Chung and colleagues first suggested the following clinical criteria for the diagnosis of CAAri [4]: (1) acute or subacute onset of symptoms; (2) age ≥40 years; (3) the presence of at least one of the following symptoms: headache, mental or behavioral change, focal neurological signs, or seizures; (4) MRI finding of patchy or confluent T2 signals; (5) evidence of CAA through gradient echo MRI or previous lobar hemorrhage; and (6) no neoplastic or infectious cause of this picture. In 2016, Auriel and colleagues further refined and operationalized these criteria to reflect previous experience with the clinical presentation, specific pattern of white matter hyperintensity (WMH) distribution, and superficial siderosis as a type of bleeding manifestation of CAA [6]. Based on the Auriel’s research, the brain MRI findings of our patient strongly supported the diagnosis of probable CAAri [6].

The essential step in the diagnosis of CAAri is the detection of CAA [7]. Microbleeds are typically located at the cortical–subcortical junction, more prominently in the posterior region [5]. Microbleeds present as a decreased or absent signal on T2 gradient-echo sequences. However, microbleeds might not be observed in all CAAri cases according to Sakaguchi’s review [8]. (*) Brain biopsy should be considered if CAAri is highly suspected from clinical presentation despite absence of microbleeds on brain MRI [8]. (*) Our patient’s brain MRI findings revealed confluent areas of asymmetric T2 FLAIR white matter hyperintensities over the bilateral temporal and occipital lobes; and T2 gradient-echo diffuse microbleeds over the bilateral cortical– subcortical junction.

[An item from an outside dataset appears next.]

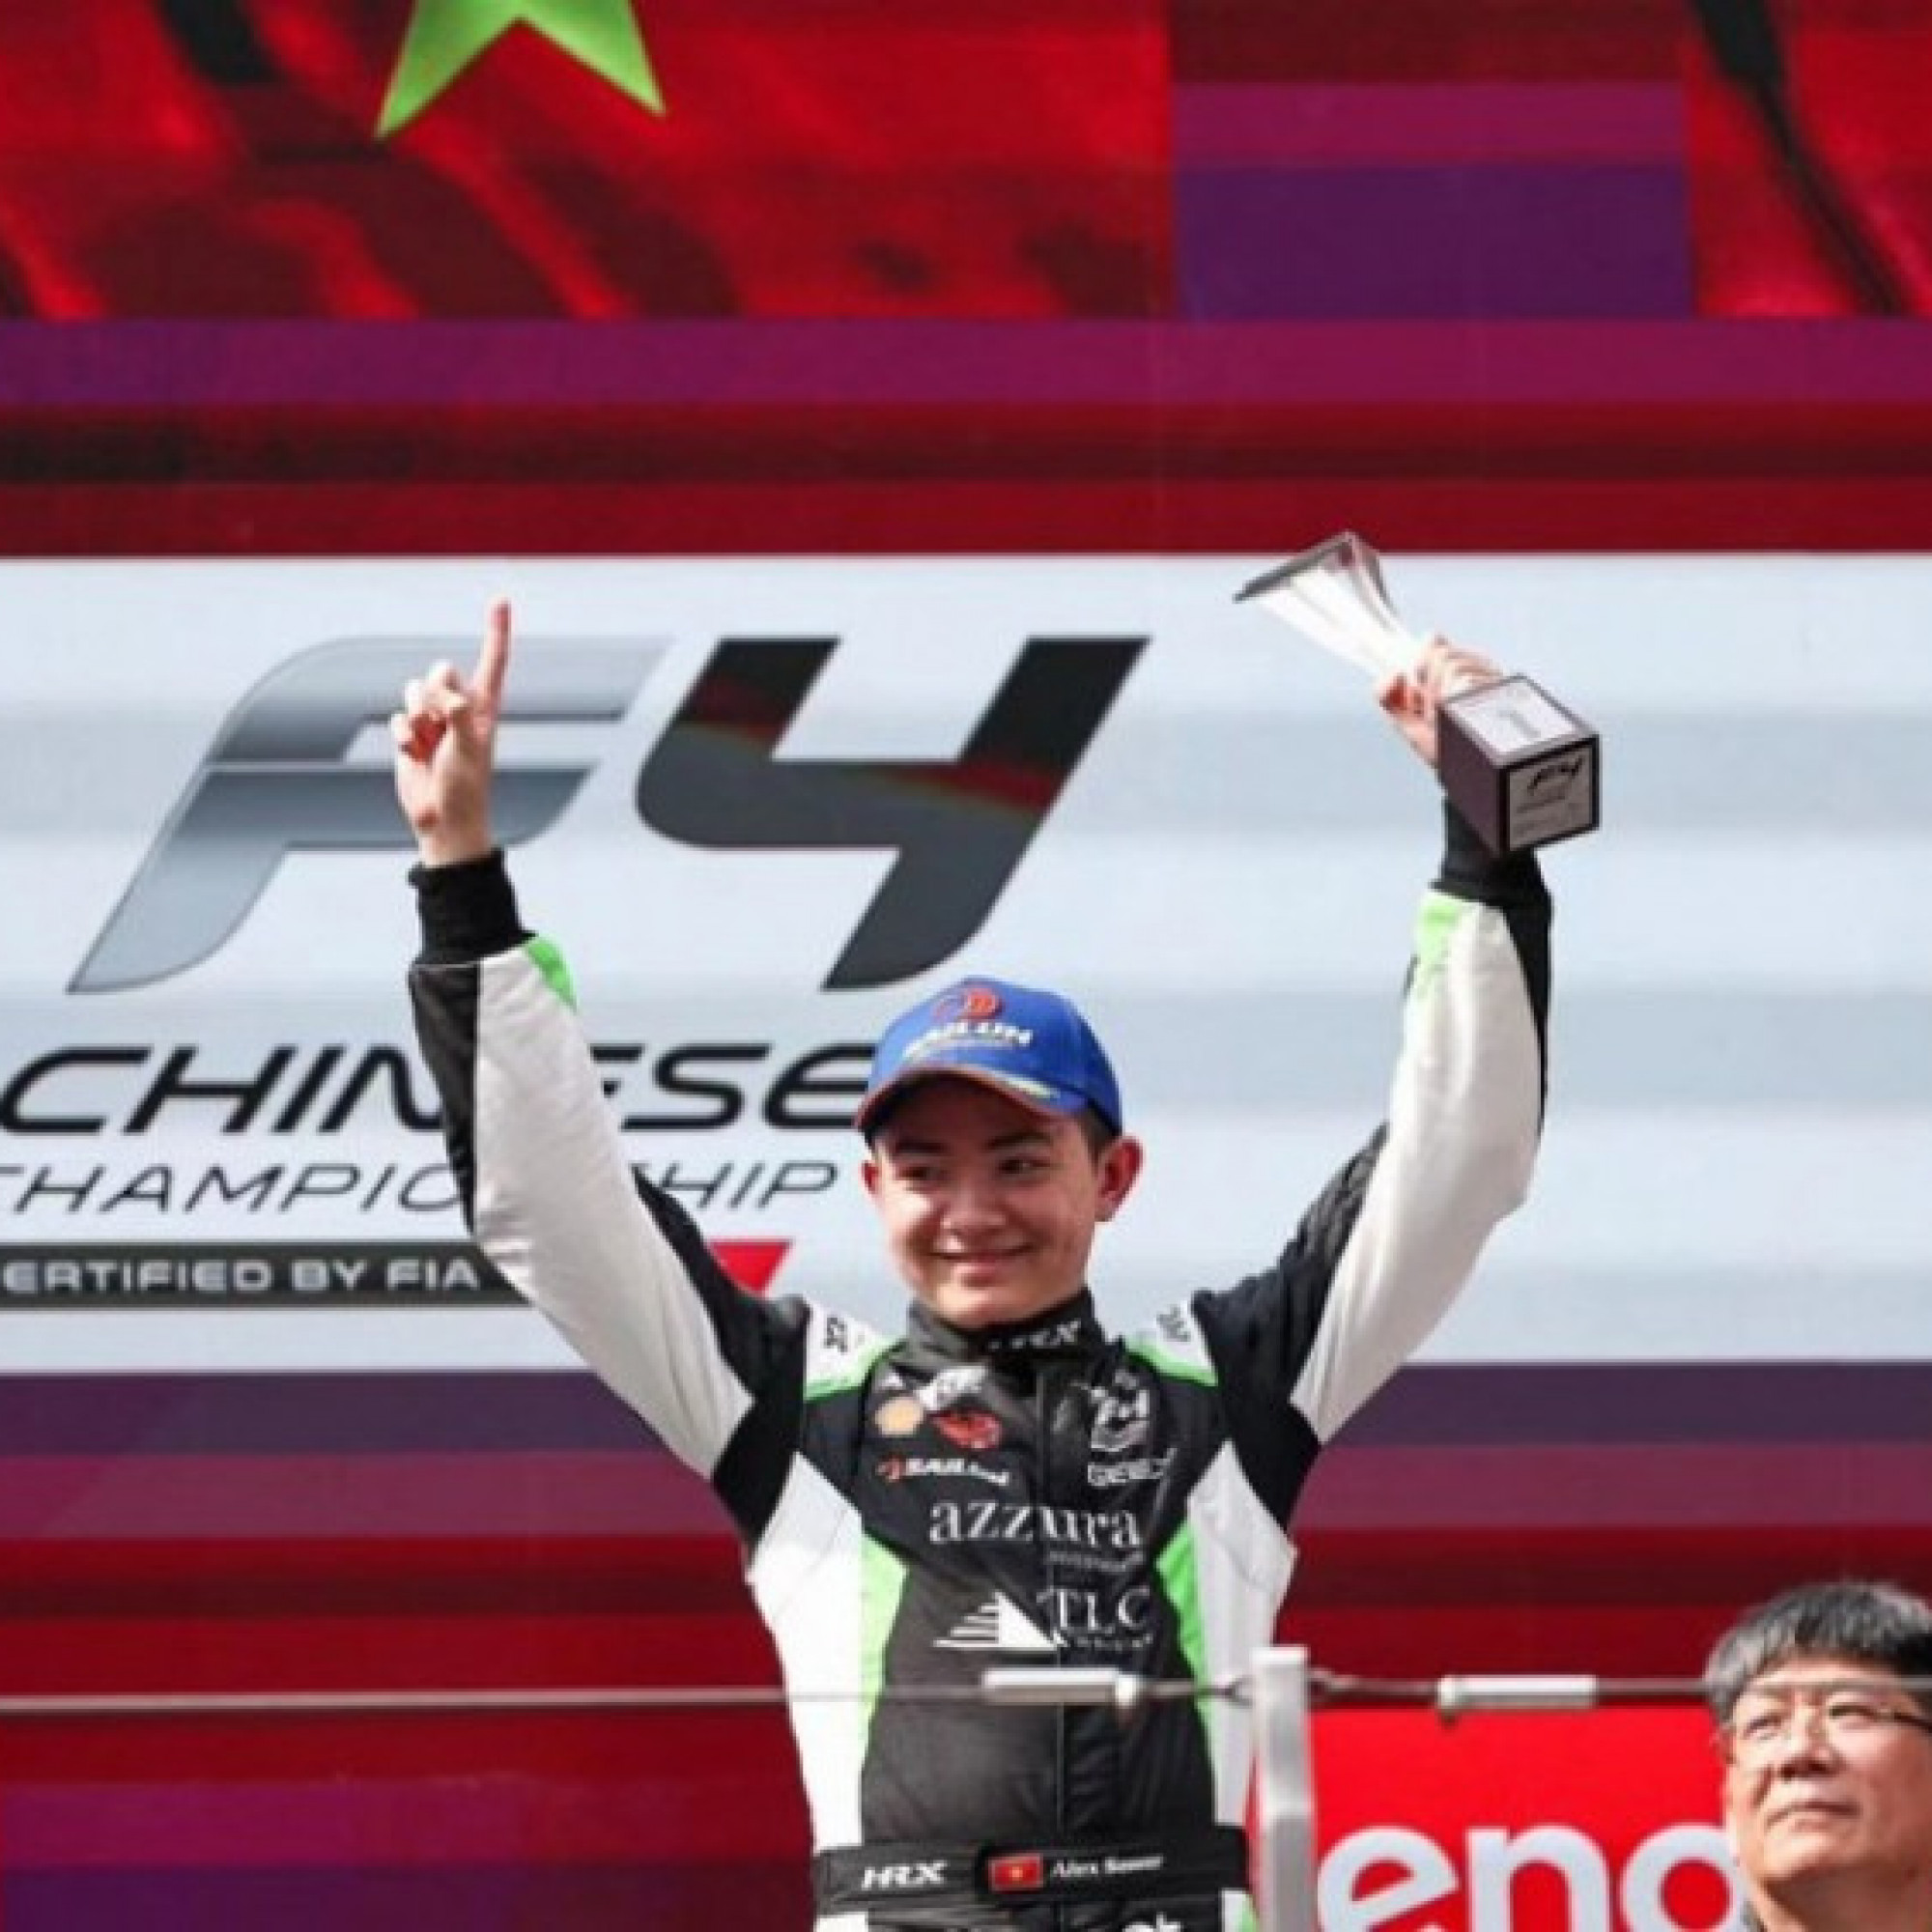  - Nóng nhất thể thao tối 24/4: Tay đua 16 tuổi người Việt Nam lần đầu dự giải đua xe F3 thế giới

With respect to the APOE genotype, the presence of APOE ε4/ ε4 genotype is a risk factor for CAAri [3]. Many authors found that inflammatory change in patients with CAA is more prevalent when the ε4/ε4 genotype is present. According to series reviewed by Kinnecom et al. ε4/ε4 genotype is found in 76.9% of patients with CAAri; in patients who have CAA without inflammatory change, the same genotype is occurring only 5% of the cases [9]. Further APOE ε4/ε4 gene detection in our patient provided evidence of CAAri.

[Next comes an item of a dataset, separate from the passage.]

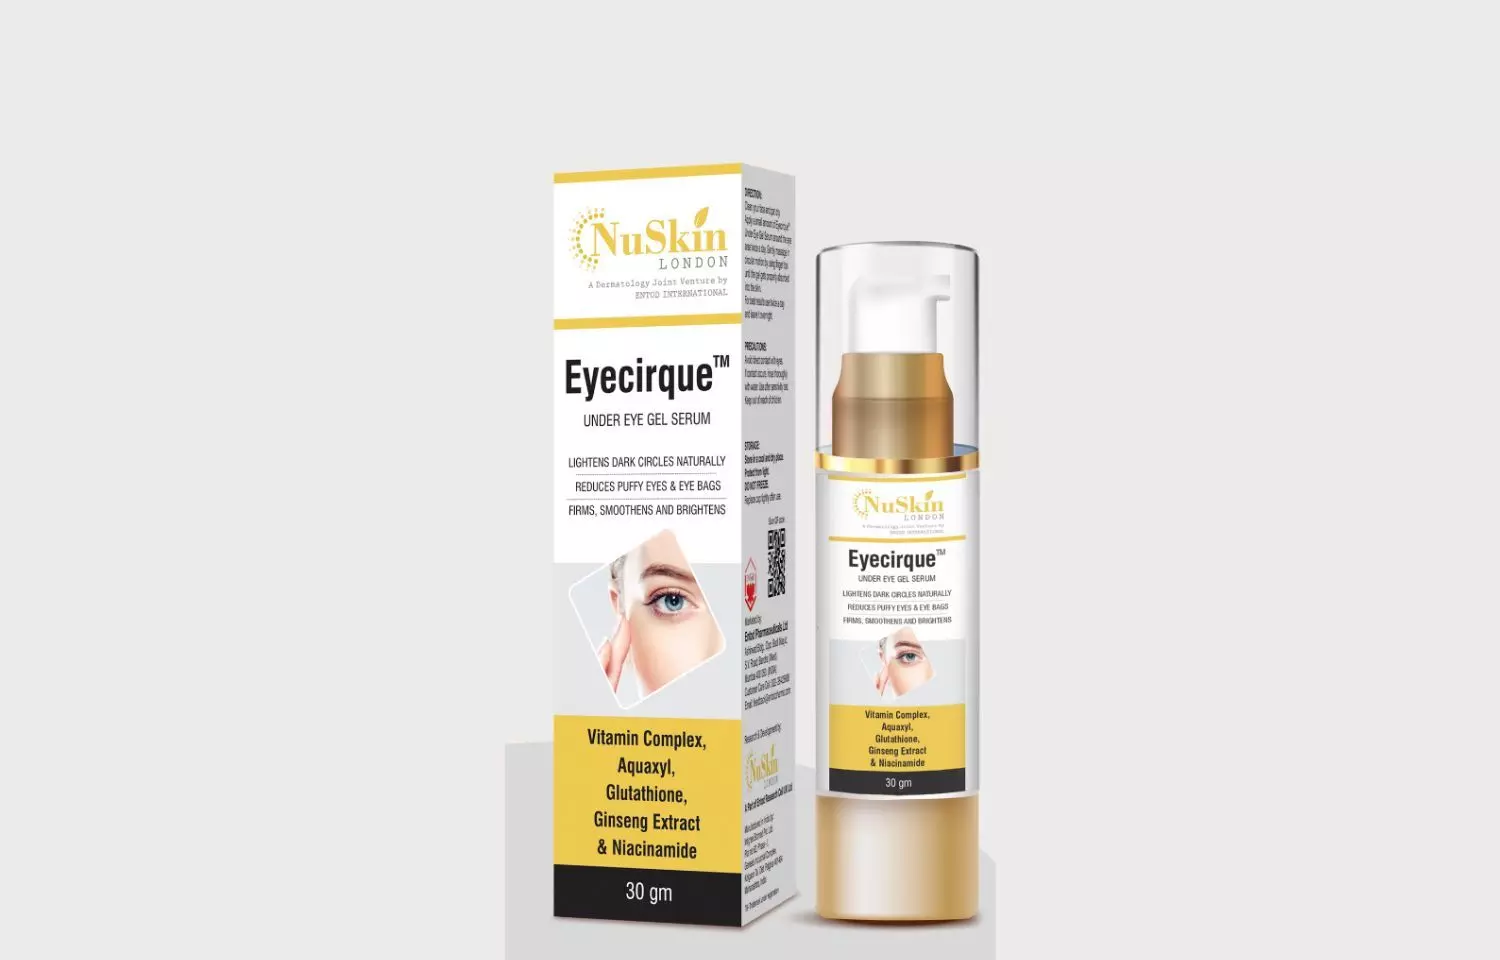 ENTOD Pharma launches under eye gel serum Eyecirque in India

Considering a tentative diagnosis of CAAri, we prescribed steroid pulse therapy for 5 days during the hospitalization. Some studies have described a relationship between autoantibodies to the vascular amyloid (Aβ) and CAAri [3,10]. The reduced autoantibody levels correlate with clinical improvement. CSF analysis of our patient revealed normal findings except for elevated protein levels (130 mg/dL), suggesting an inflammatory cause. We couldn’t test for CSF Aβ at our facility.

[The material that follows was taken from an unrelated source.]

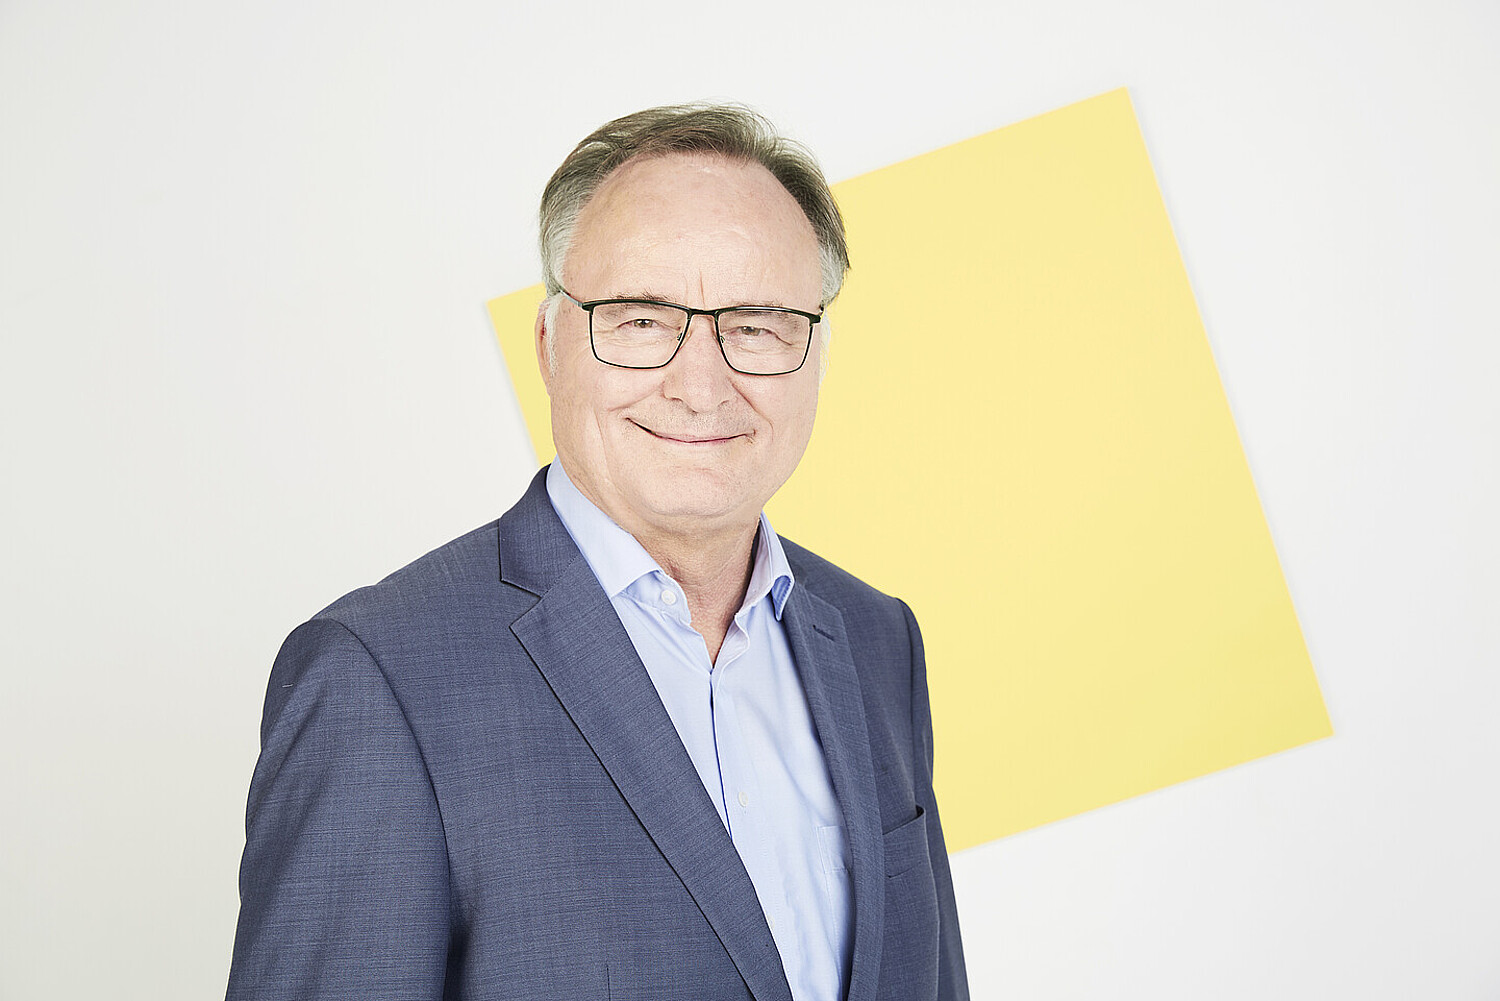 Porträt von Erhard Rahm vor einer quadratischen gelben Fläche

The identification and proper diagnosis of CAAri are important because the disease may respond to immunosuppression. Piazza and colleagues discussed the immunological aspects of CAAri [10]. The treatment response is variable but generally good. Corticosteroids and immunosuppressants such as mycophenolate mofetil and methotrexate appear to be the drugs of choices in the literature [4]. The optimal duration of treatment is currently uncertain [4]. We treated our patient according to the clinical response, imaging findings and literature review experience. The relapse of CAAri has been reported, but the relapse generally responds well to the restarting of immunosuppressive drugs [3,4].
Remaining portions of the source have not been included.